=== TASK INSTRUCTIONS ===
Reproduce the lines of the material exactly, excluding every image.

=== DATASET EXCERPT ===
-- Opening Marker --

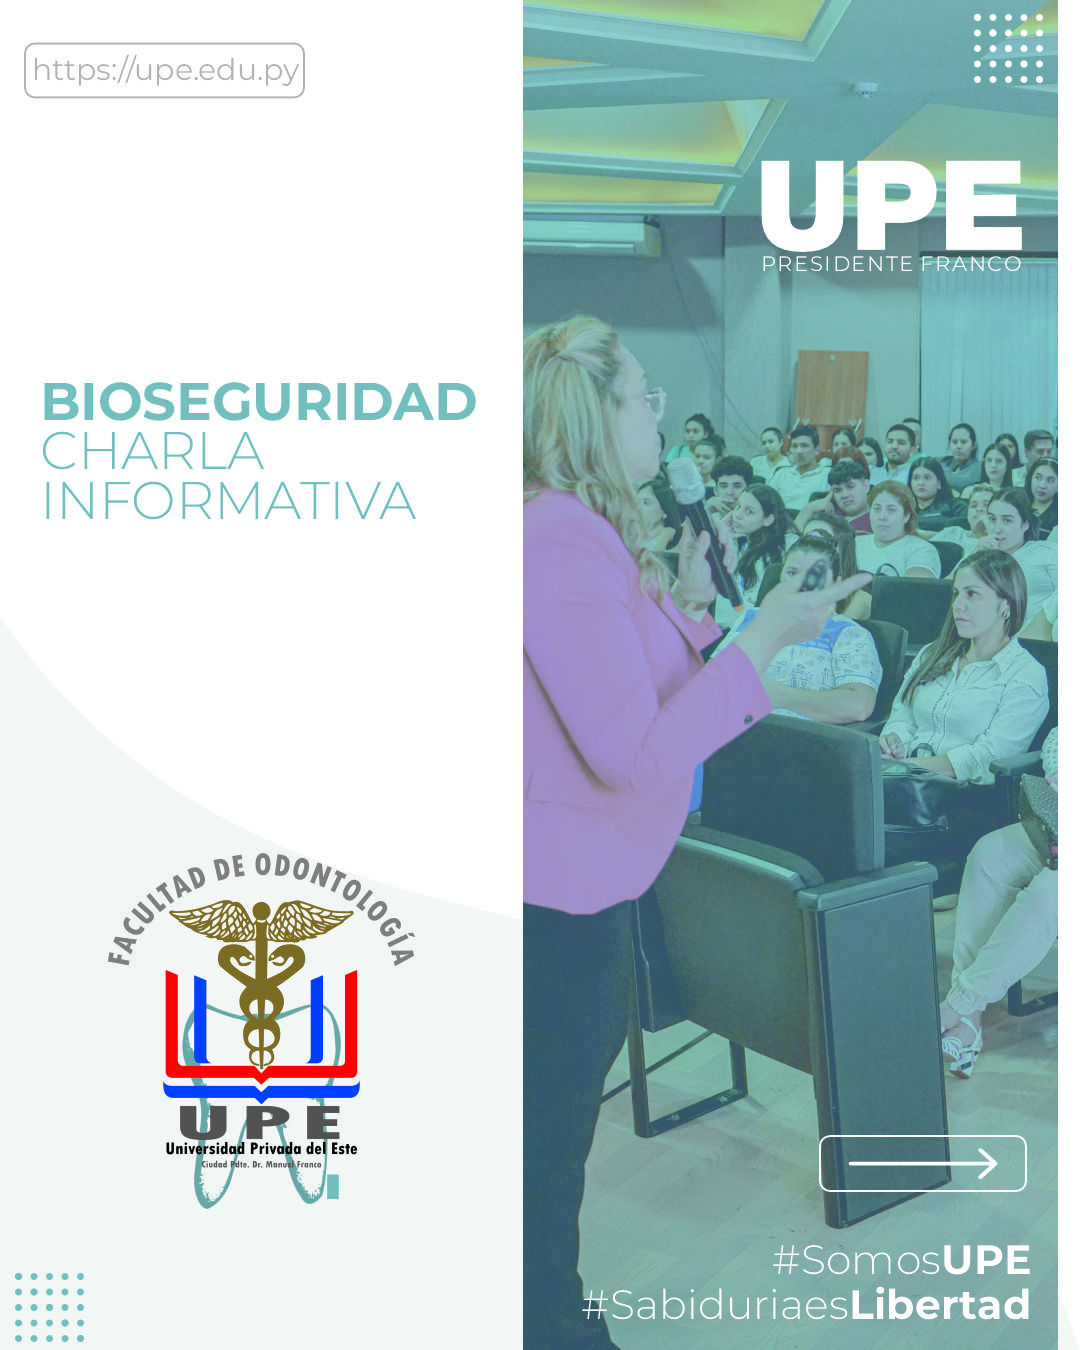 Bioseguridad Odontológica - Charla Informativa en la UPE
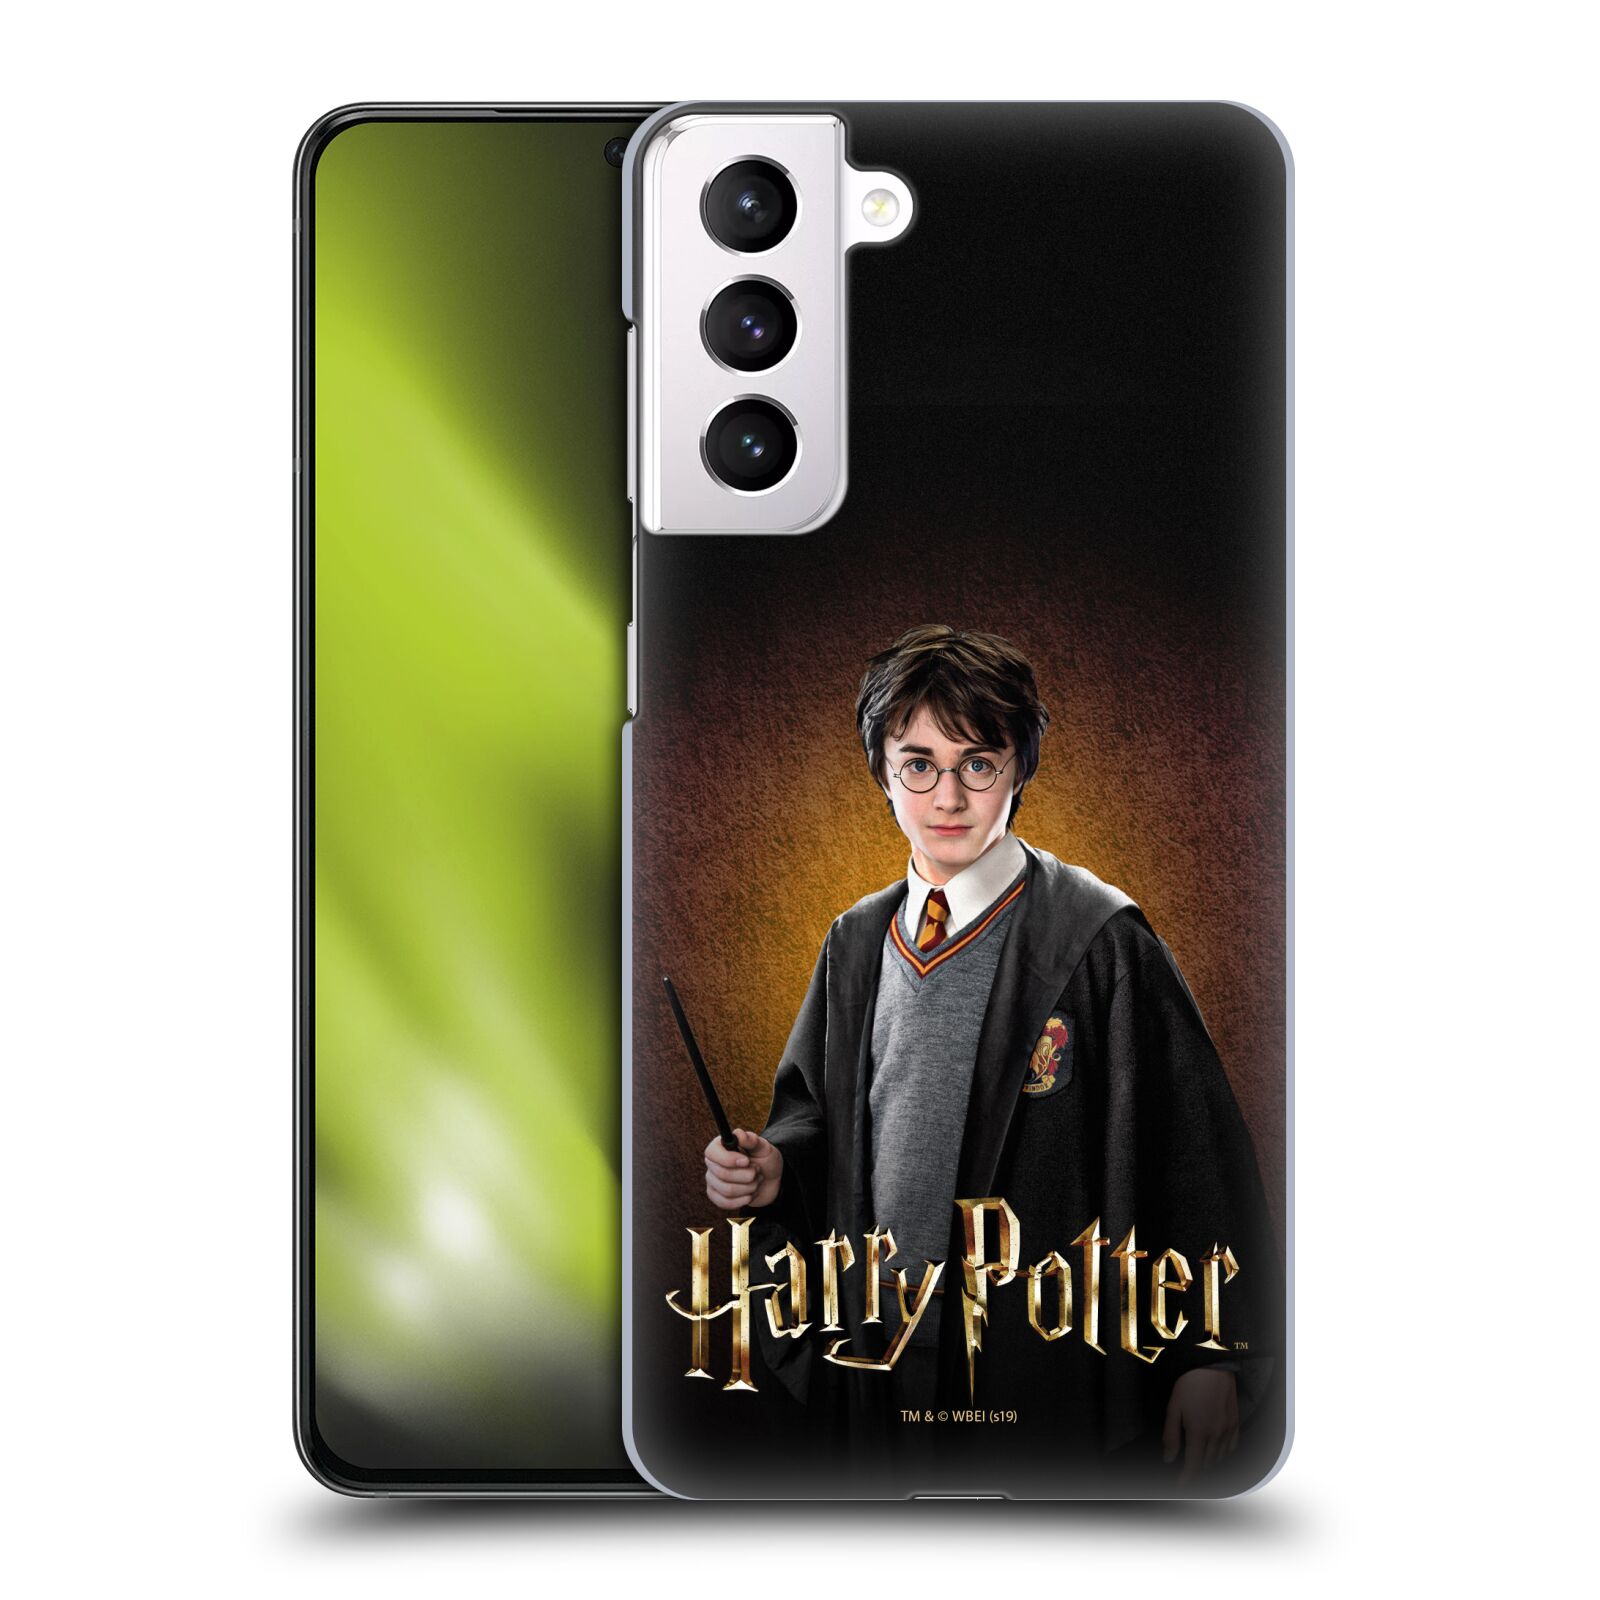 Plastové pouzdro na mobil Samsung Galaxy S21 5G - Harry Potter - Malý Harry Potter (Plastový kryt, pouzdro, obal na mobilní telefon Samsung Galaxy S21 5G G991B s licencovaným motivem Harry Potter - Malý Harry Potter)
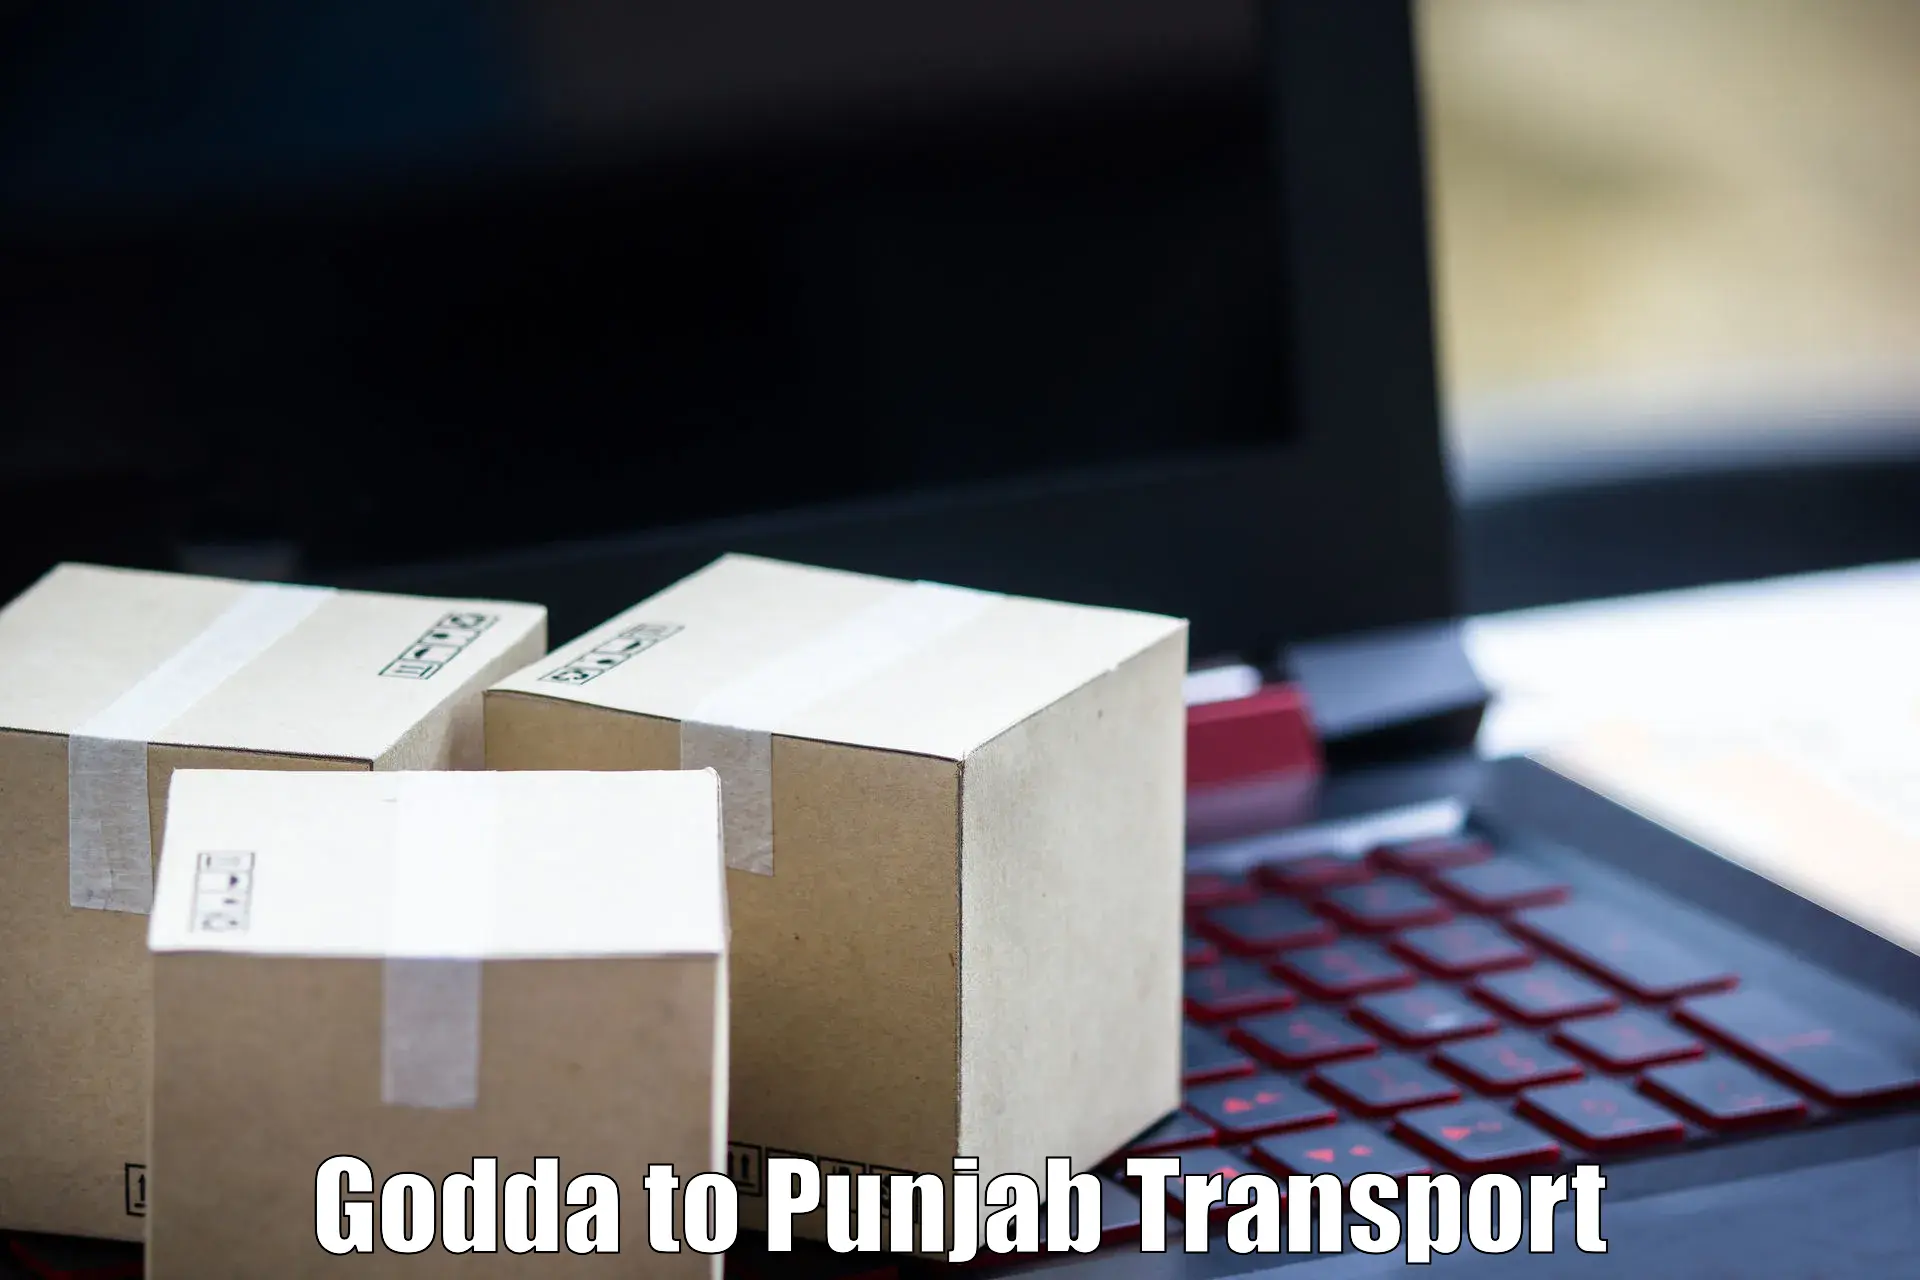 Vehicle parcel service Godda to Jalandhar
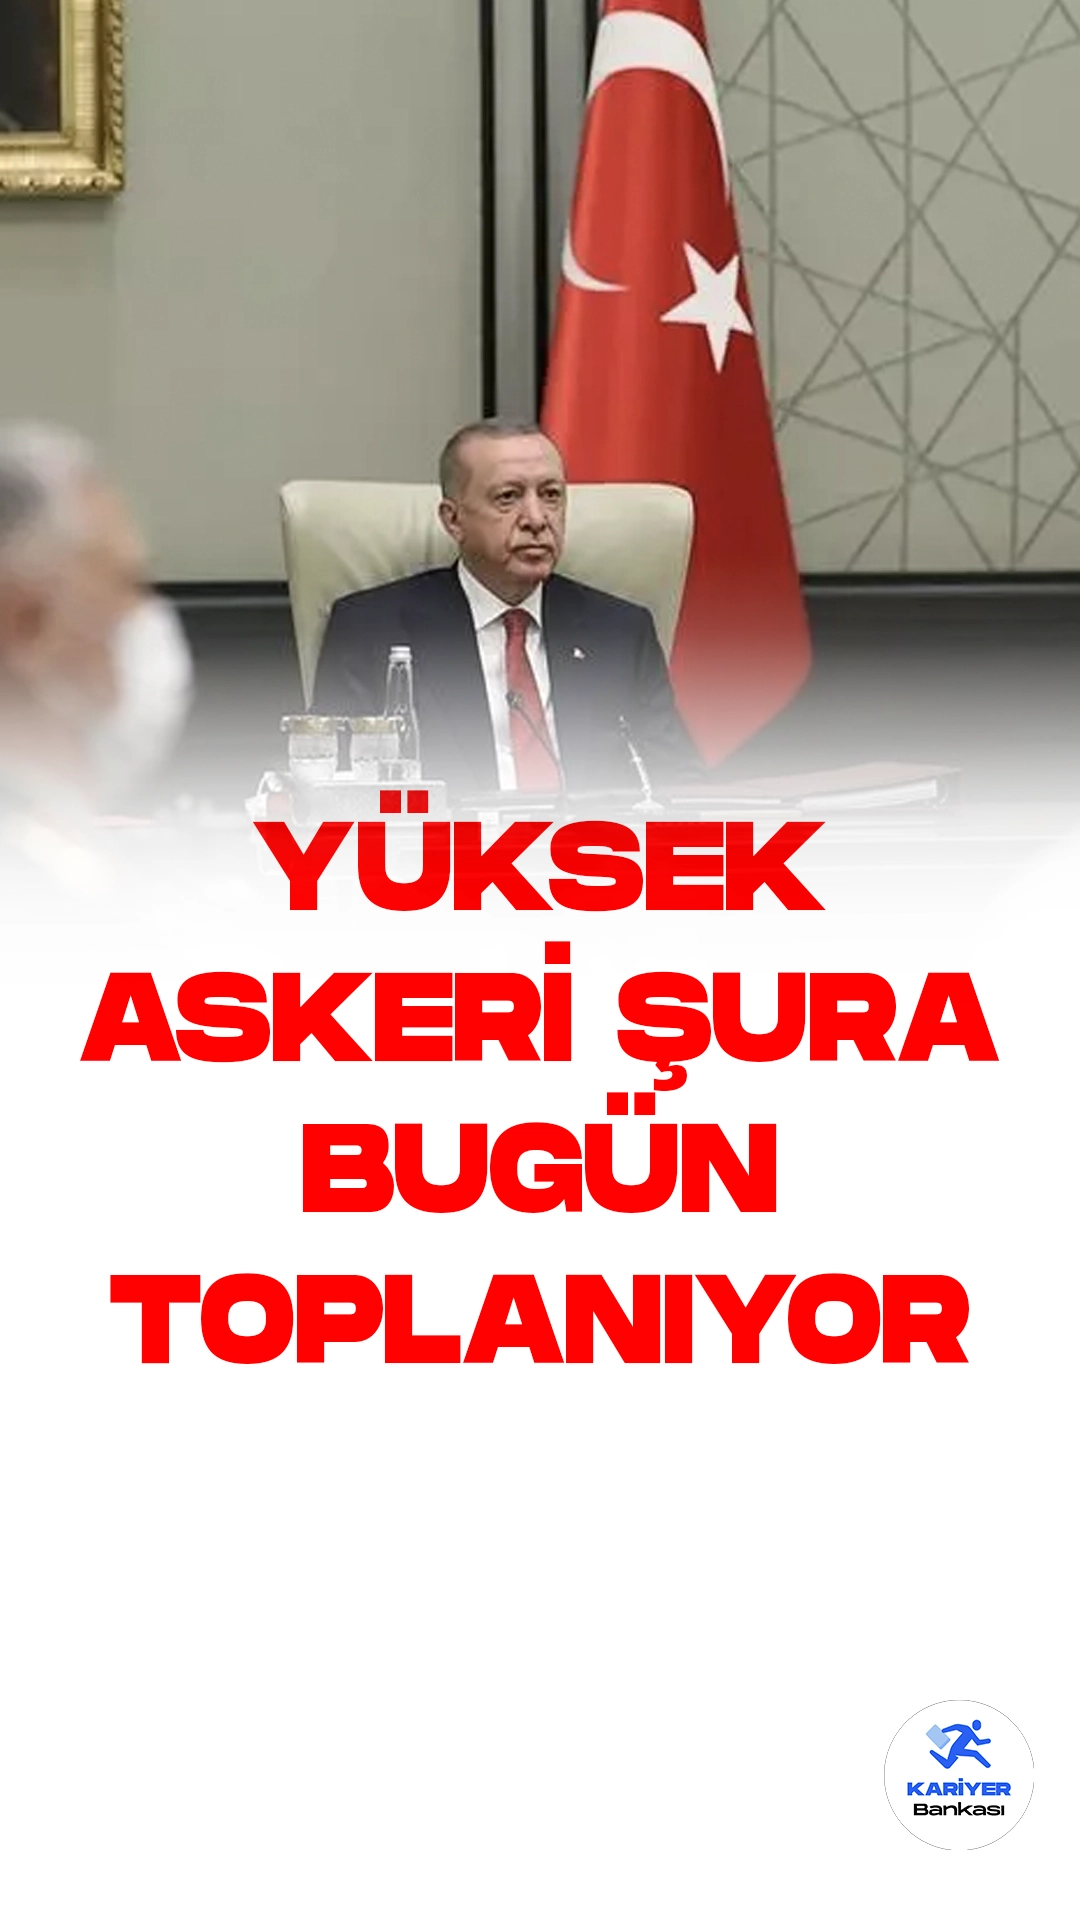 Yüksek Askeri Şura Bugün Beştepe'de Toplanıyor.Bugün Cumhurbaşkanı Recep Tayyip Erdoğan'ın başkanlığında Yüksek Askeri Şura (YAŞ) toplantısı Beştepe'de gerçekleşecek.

-- Closing Marker --

=== RESULT OF THE TASK ===
 Bioseguridad Odontológica - Charla Informativa en la UPE
 Plastové pouzdro na mobil Samsung Galaxy S21 5G - Harry Potter - Malý Harry Potter (Plastový kryt, pouzdro, obal na mobilní telefon Samsung Galaxy S21 5G G991B s licencovaným motivem Harry Potter - Malý Harry Potter)
 Vehicle parcel service Godda to Jalandhar
 Yüksek Askeri Şura Bugün Beştepe'de Toplanıyor.Bugün Cumhurbaşkanı Recep Tayyip Erdoğan'ın başkanlığında Yüksek Askeri Şura (YAŞ) toplantısı Beştepe'de gerçekleşecek.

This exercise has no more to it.